Tuesday, May 16, 2017

Album Review: Night Flight Orchestra - Amber Galactic

I don't consider myself a metal fan, even though I listen to and enjoy a fair amount of metal. The reason I don't do that is because, when I look around and see the throngs of fans who listen to nothing but metal, and who consider anything less than metal to be weak, I simply am not one of them. I couldn't imagine listening to nothing but metal, and apparently many of the musicians can't either. While, for instance, I can appreciate what Soilwork does, there aren't that many times I want to get screamed at for half of every song. Apparently Bjorn Strid feels the same way, because in between Soilwork albums, he's been getting together with friends and pumping out 70s and 80s inspired rock under the guise of The Night Flight Orchestra.

I never covered the band's previous albums, but I did hear enough of them to be mildly intrigued by what I heard. Bjorn is an obviously talented singer, and the throwback aesthetic works for me, but the project had the slapdash and thrown-together songwriting I would imagine for a group that doesn't get ample time to put their records together. Will this time be different?

"Midnight Flyer" kicks things off by telling us exactly where the heart of this album lies. The sound is pure 80s Journey, just as cheesy as you remember. The synths aren't as ridiculous as they could be, since this is meant to be an homage to that time, but there is plenty to politely snicker at. That's how the 80s were.

What I find interesting about this group is the difference in how I perceive Bjorn. In Soilwork, his melodic choruses are the strongest parts of the songs, punchy and delivered expertly. He is obviously the same singer, but he sounds different here. Whether it's the nature of how the album was written and recorded, or if it's the law of diminishing returns, but he never manages to hit those melodies as hard as he does in his main gig. These songs are enjoyable, but for being melodic hard rock, they feel like they need to have bigger hooks.

Then again, having experienced the late 80s that this record is mimicking, those were not days filled with that kind of songwriting. The Night Flight Orchestra masterfully apes that period of time, with "Domino" in particular bringing back nearly lucid memories of my childhood. Even now, hearing songs from those days on the radio, it strikes me how few of them have great melodies and hooks. Back then, the songs got by on quirks and the lack of pop and rock crossover. In that respect, "Amber Galactic" fits right in. Too well, I would say.

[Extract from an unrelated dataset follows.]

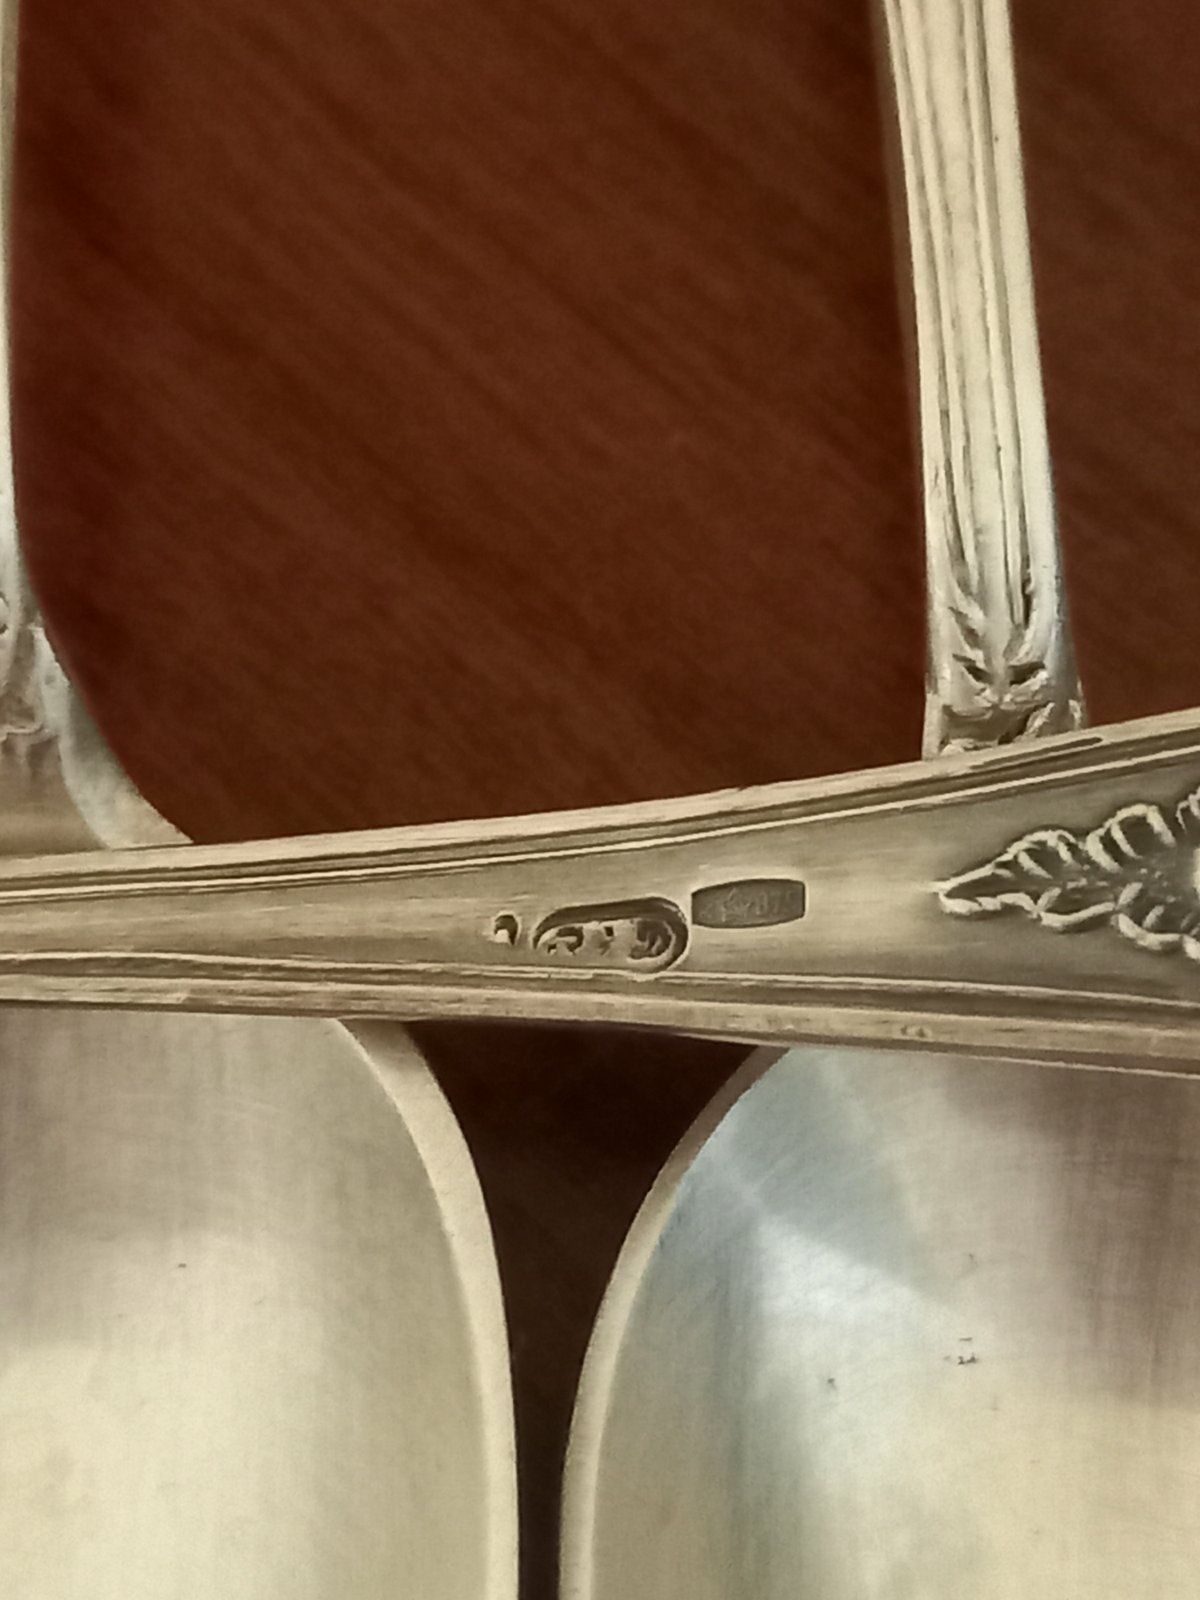 Серебряные чайные кофейные ложки "Фаберже", 125грам серебра 875пр,6 шт

"Amber Galactic" is pure 1988, for better or worse. For what they were aiming for, this record is scarily accurate. If you told me these songs were written back then, I wouldn't bat an eyelash at you. However, that period of time hasn't aged well, so while the band has to be applauded for their skill at putting on the sonic image, I can't let the album pass by without saying I'm disappointed they didn't update the songwriting with a bit of modern melodic flair. I miss the choruses I know Bjorn can deliver. They're all that's holding "Amber Galactic" back from being a perfect time machine.... to a time I'm not sure anyone wants to revisit.